As Miles Roberts, chief executive, noted when presenting McBride’s full-year results this month, McBride’s own-brand products “have never been more relevant than in the current environment where disposable incomes are under significant pressure”.

But if demand for the company’s range of detergents, toilet cleaners, shampoos, deodorants and air fresheners remains generally buoyant, McBride has also been hit hard by increased costs, with Mr Roberts admitting that “the year to June 2008 was dominated by the need to manage the impact of unprecedented input cost inflation”.

The end result was McBride having to run hard to stand still.

Adjusted group operating profit slipped from £16.4m ($29.5m) to £16.0m. This performance reflected increased raw material costs that were only partially mitigated by “operational efficiencies, purchasing savings and the contribution from recent acquisitions”.

Revenues grew by 23 per cent to £342.9m in the year to June 30, with the acquisitions of Dasty Italia, Henkel’s European private-label household products business, and Bolton-based Darcy contributing substantially to the increase.

But organic revenue – stripping out the impact of acquisitions – actually declined 2 per cent overall as customers resisted attempts to pass on cost increases.

“Given the severity of the environment, selling-price increases were necessary across most products for the first time in many years,” explained Mr Roberts.

But McBride suffered as some retail customers reduced promotional activity during pricing negotiations, which “had a consequential effect on volumes, overcapacity and declining demand in certain categories”.

McBride’s vulnerability to cost inflation can be gleaned immediately from its own homepage which, while noting its status as a FTSE company with an annual turnover of £500m, also specifies it spends more than £250m a year on chemicals, surfactants, perfumes, and packaging.

Higher oil prices in particular have fed through to higher prices for plastics and petro-chemicals used as ingredients across much of its product range.

In this respect, McBride is not alone. Far larger international competitors of McBride such as Henkel, Beiersdorf, Reckitt Benckiser, and L’Oréal all face similar issues in passing on cost increases while seeking to maintain market share for their more heavily advertising brands in leading European markets.

And while L’Oréal may entice consumers to spend more on their range of personal care products with the mantra “Because I’m worth it”, recent sales data suggests consumers are increasingly willing to shop around for value.

Latest analysis of sales of household and personal care products in Europe by New York-based brokers Sanford C Bernstein, based on Nielsen market research data, suggests private-label goods, such as those produced by McBride, continued to gain ground in the four weeks to August 17 in both household goods and cosmetics and toiletries against more illustrious branded rivals. Against this background, McBride has proved largely successful in passing on increased costs to customers – in spite of the short-term disruption to sales caused by negotiations with trickier customers less willing to accept its own price increases.

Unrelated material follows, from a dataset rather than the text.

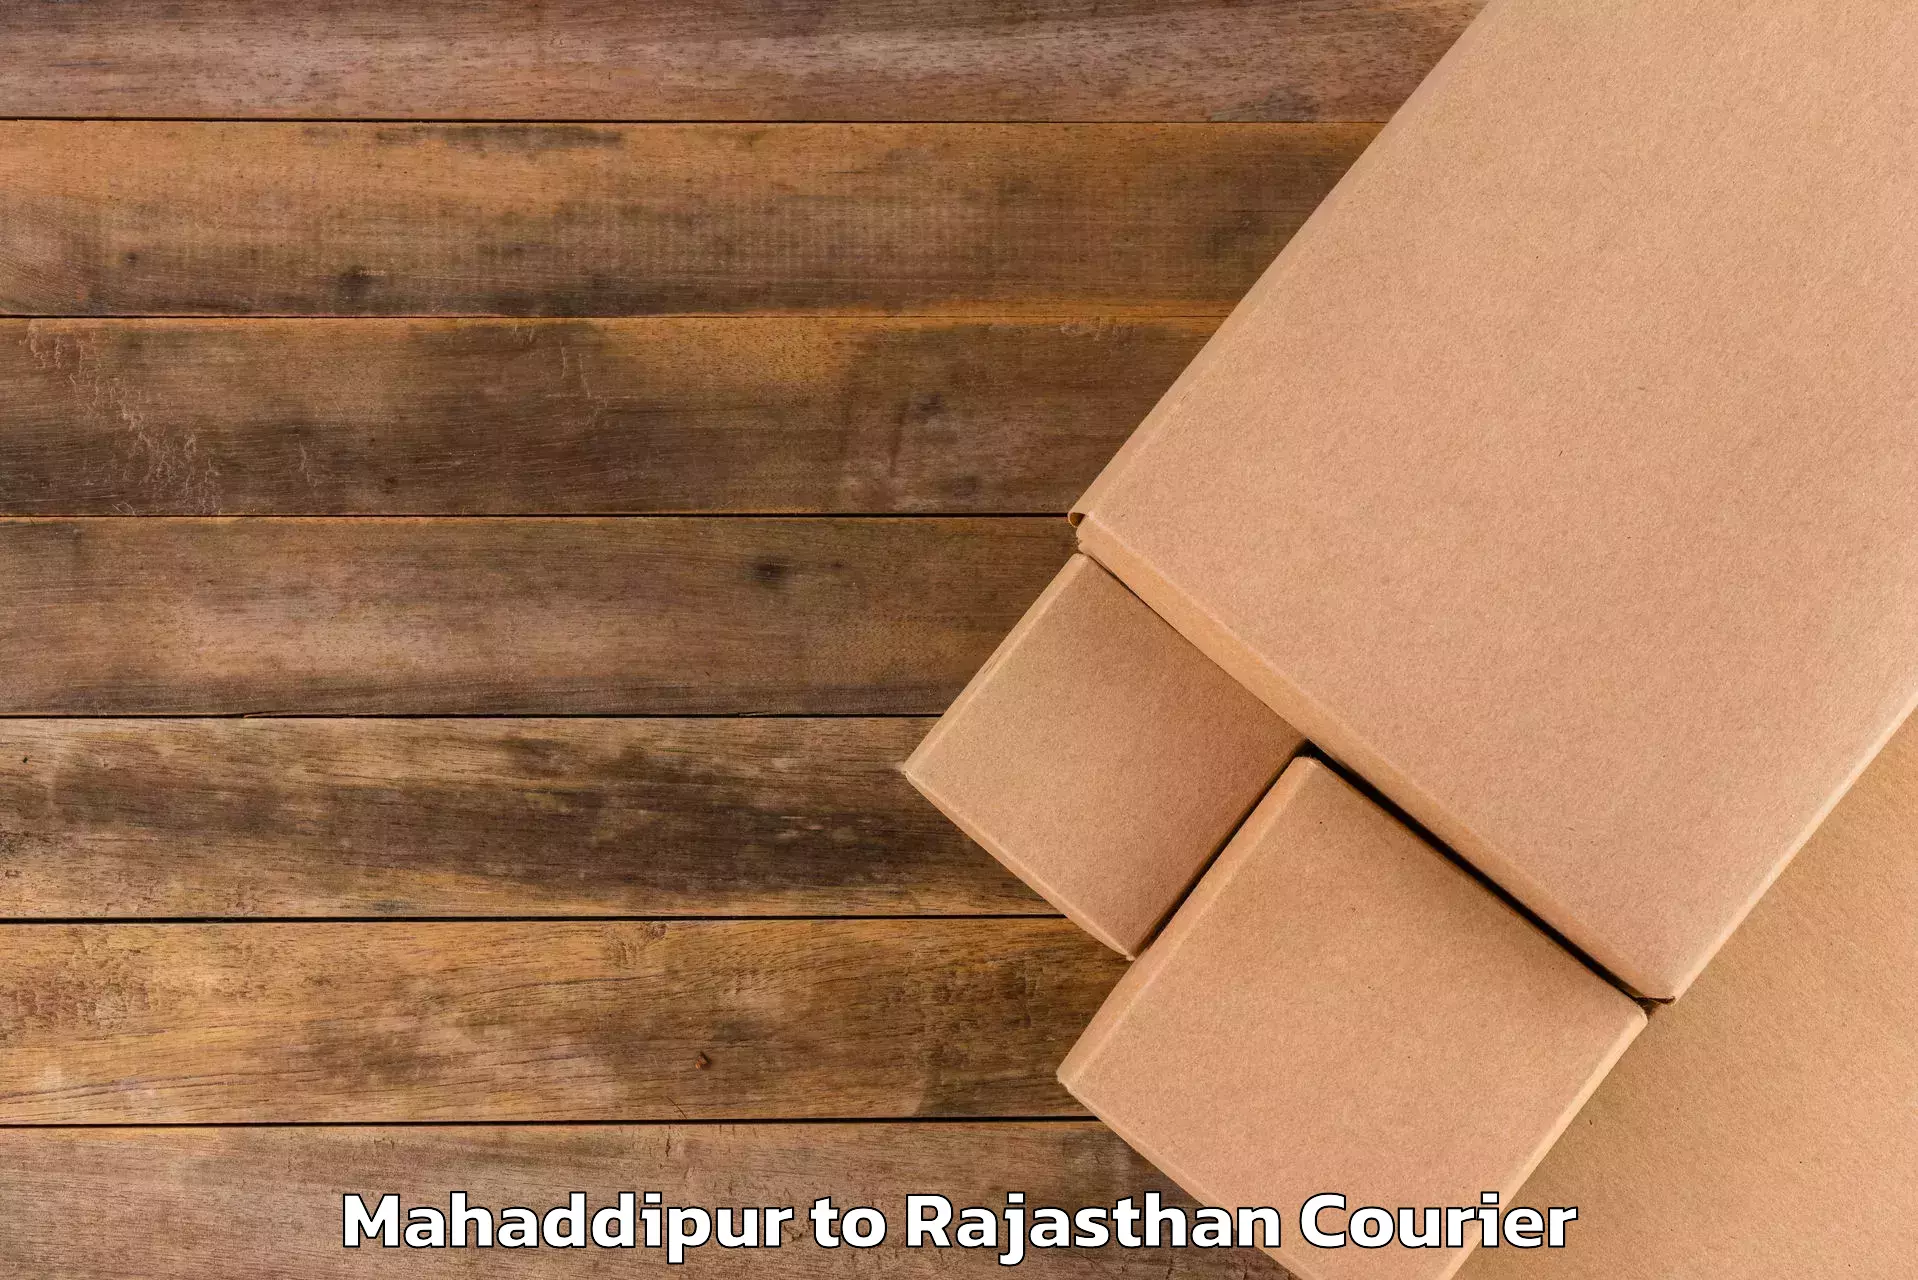 Luggage shipping specialists Mahaddipur to Khandela Sikar

In this month’s results statement, McBride noted it had been discussing price increases with its customers, adding that “to date, a significant proportion of these cost increases have been recovered”.

But it was the time-lag between cost and selling-price increases that has impacted margins for the year, having an adverse impact on overall growth and profitability. As a result, its financial performance in the year fell “below our original expectations,” it conceded.

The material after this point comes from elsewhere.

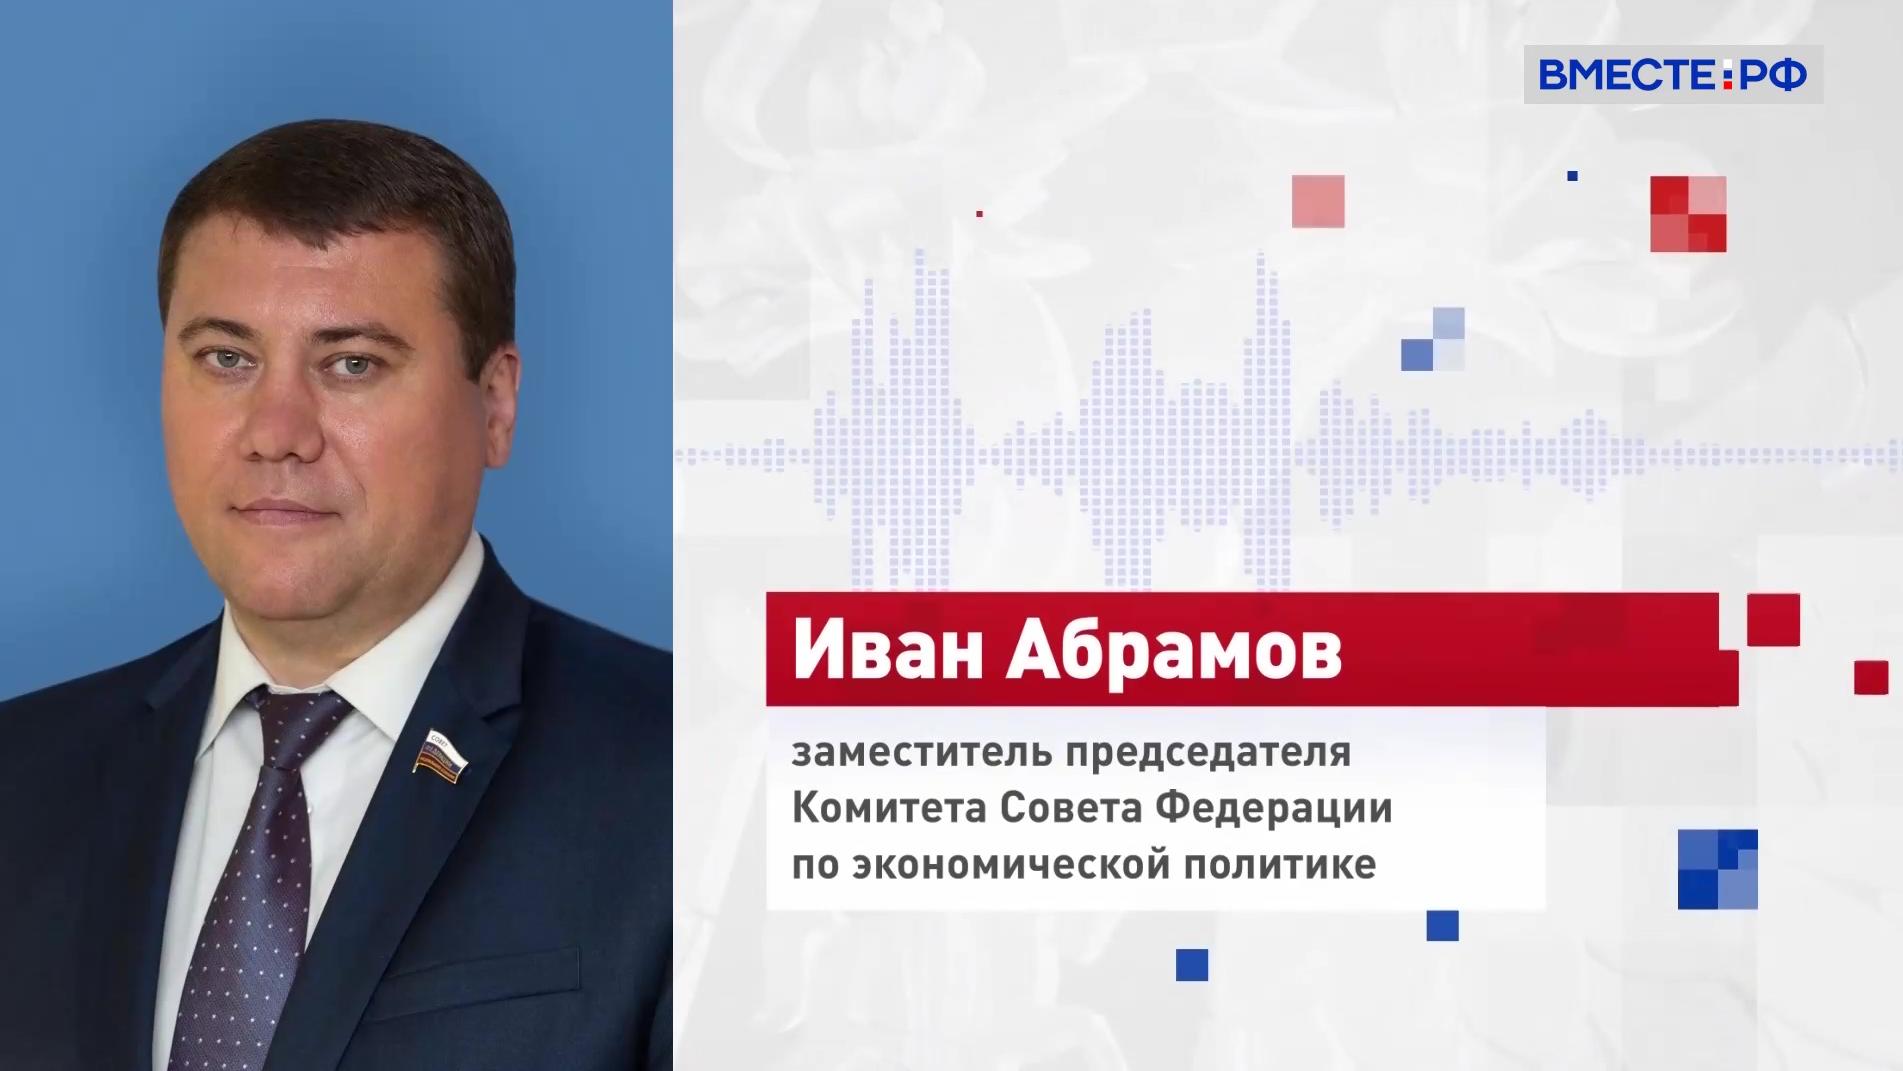 Сенатор Абрамов уверен, что скоро российскую карту «Мир» будут принимать все страны БРИКС

Nevertheless, having weathered the storm of cost inflation, McBride still sees itself relatively well positioned to face the future. As a consumer goods company, it is vulnerable along with its peers to concerns over a slowdown in consumer spending.

That concern is reflected in the 35 per cent fall in McBride’s share price over the the last year – which exceeds the more gentle decline in the FSTE all-share index.

But despite sales wobbles in some categories of household and personal care products across Europe created by economic uncertainty, in more straitened times private-label sales continue to outperform the overall market as consumers seek to economise. And that “Aldi effect” is set to continue, according to McBride.